Data for the task:

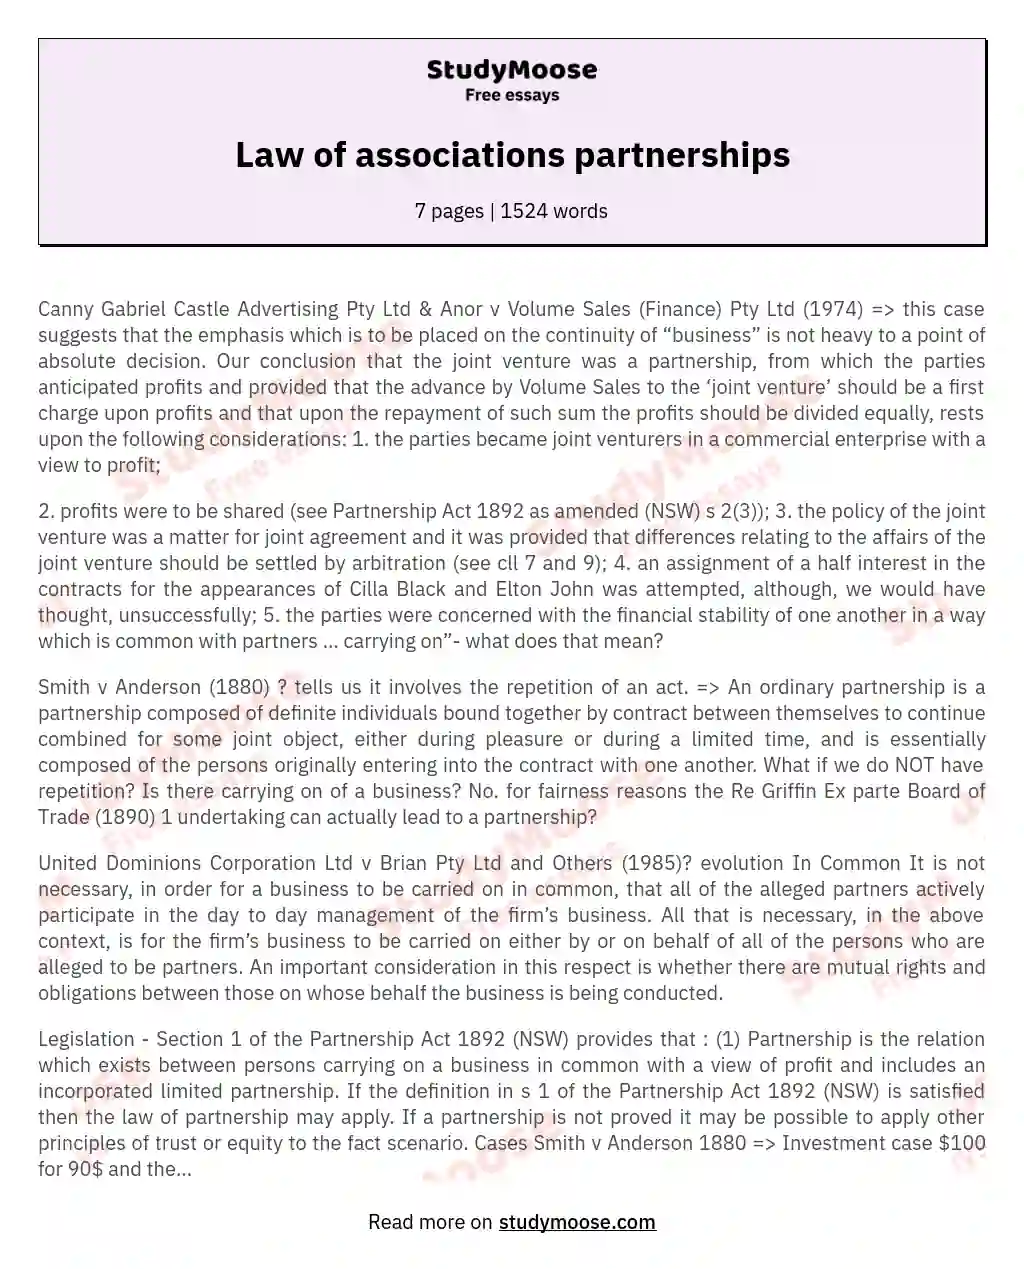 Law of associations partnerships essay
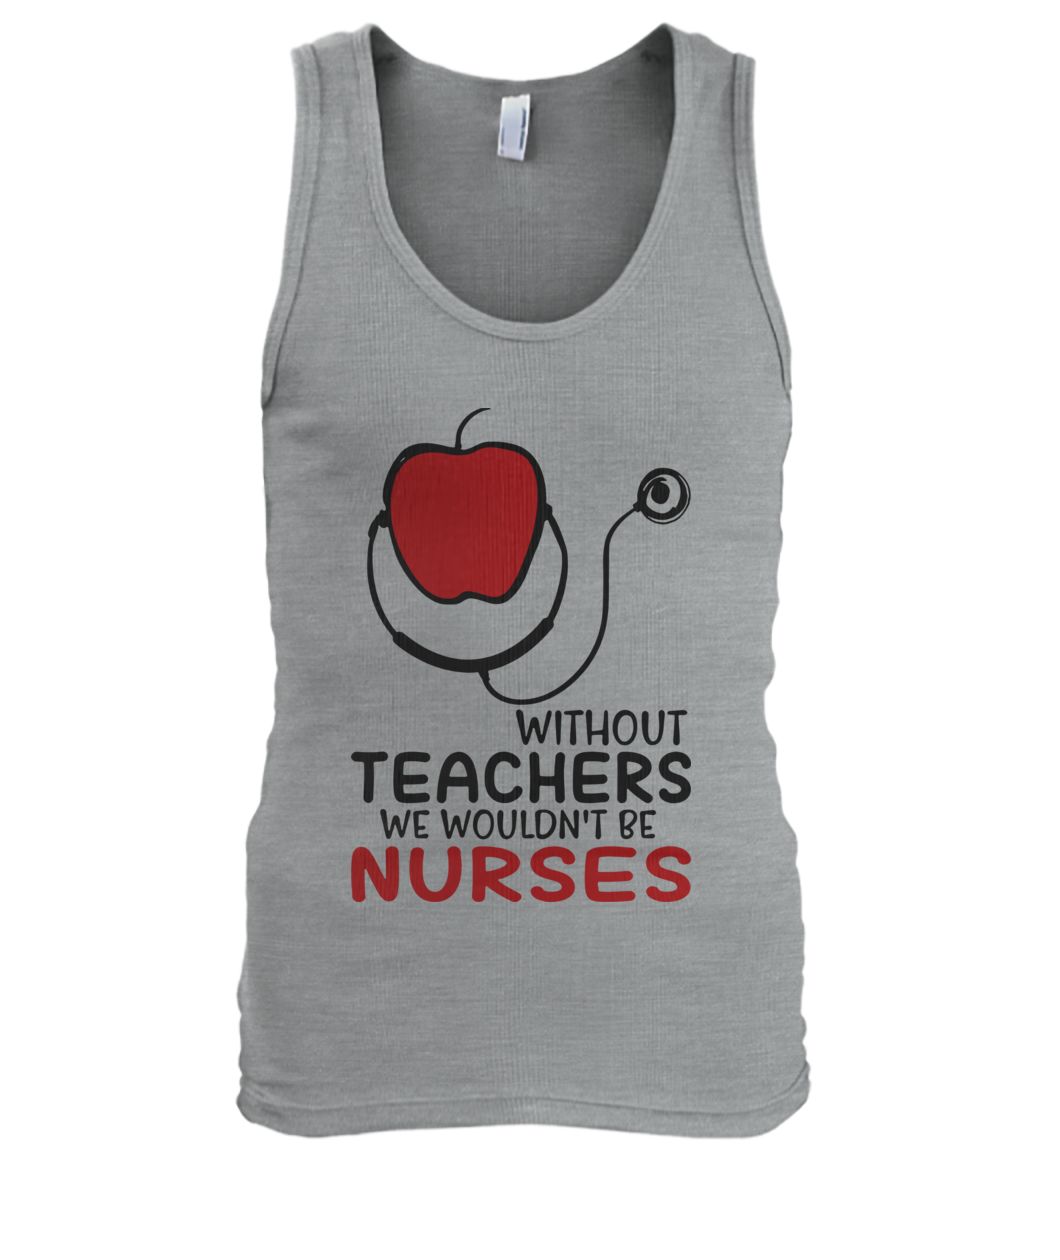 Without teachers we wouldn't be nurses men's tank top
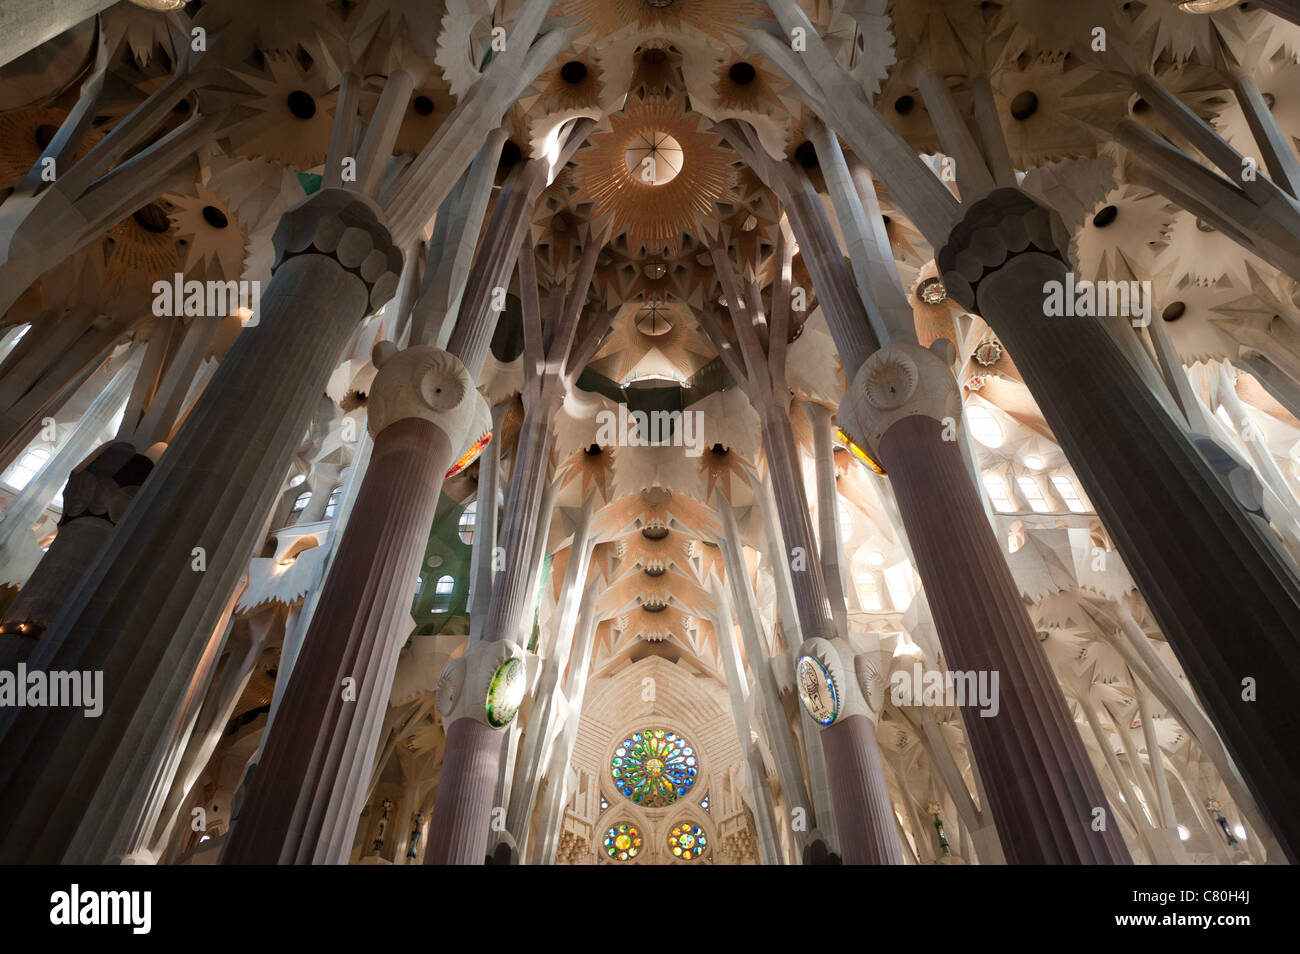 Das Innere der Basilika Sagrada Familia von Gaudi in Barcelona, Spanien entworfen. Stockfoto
---
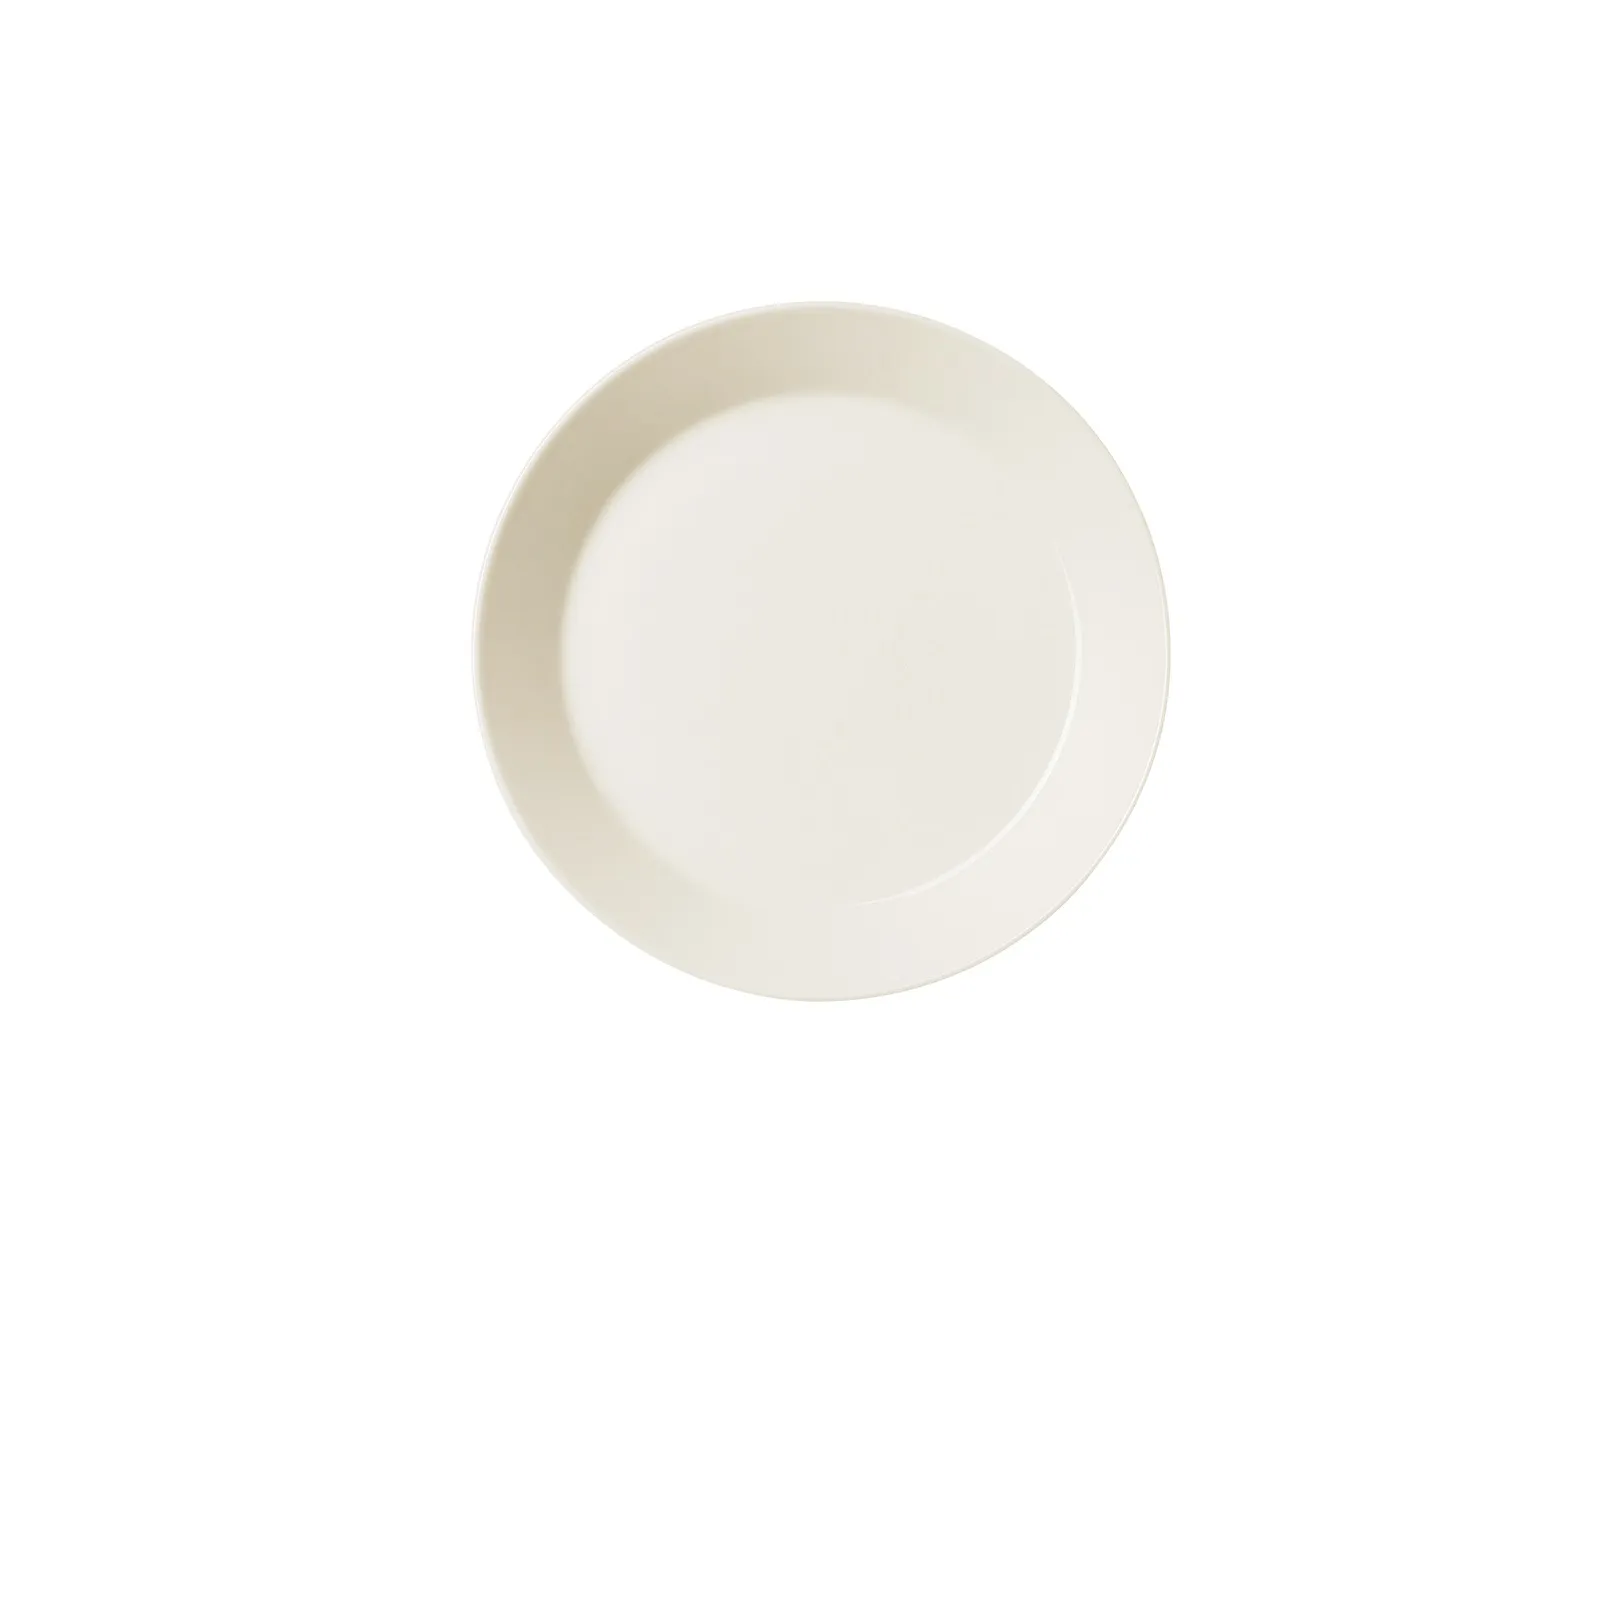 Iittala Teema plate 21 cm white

What to produce: Using the records above, return word for word the lines that begin at the one containing "Law of associations partnerships essay" and end at the one containing "Das Innere der", both of them included and no pictures.

Output of the exercise:
 Law of associations partnerships essay
 Without teachers we wouldn't be nurses men's tank top
 Das Innere der Basilika Sagrada Familia von Gaudi in Barcelona, Spanien entworfen. Stockfoto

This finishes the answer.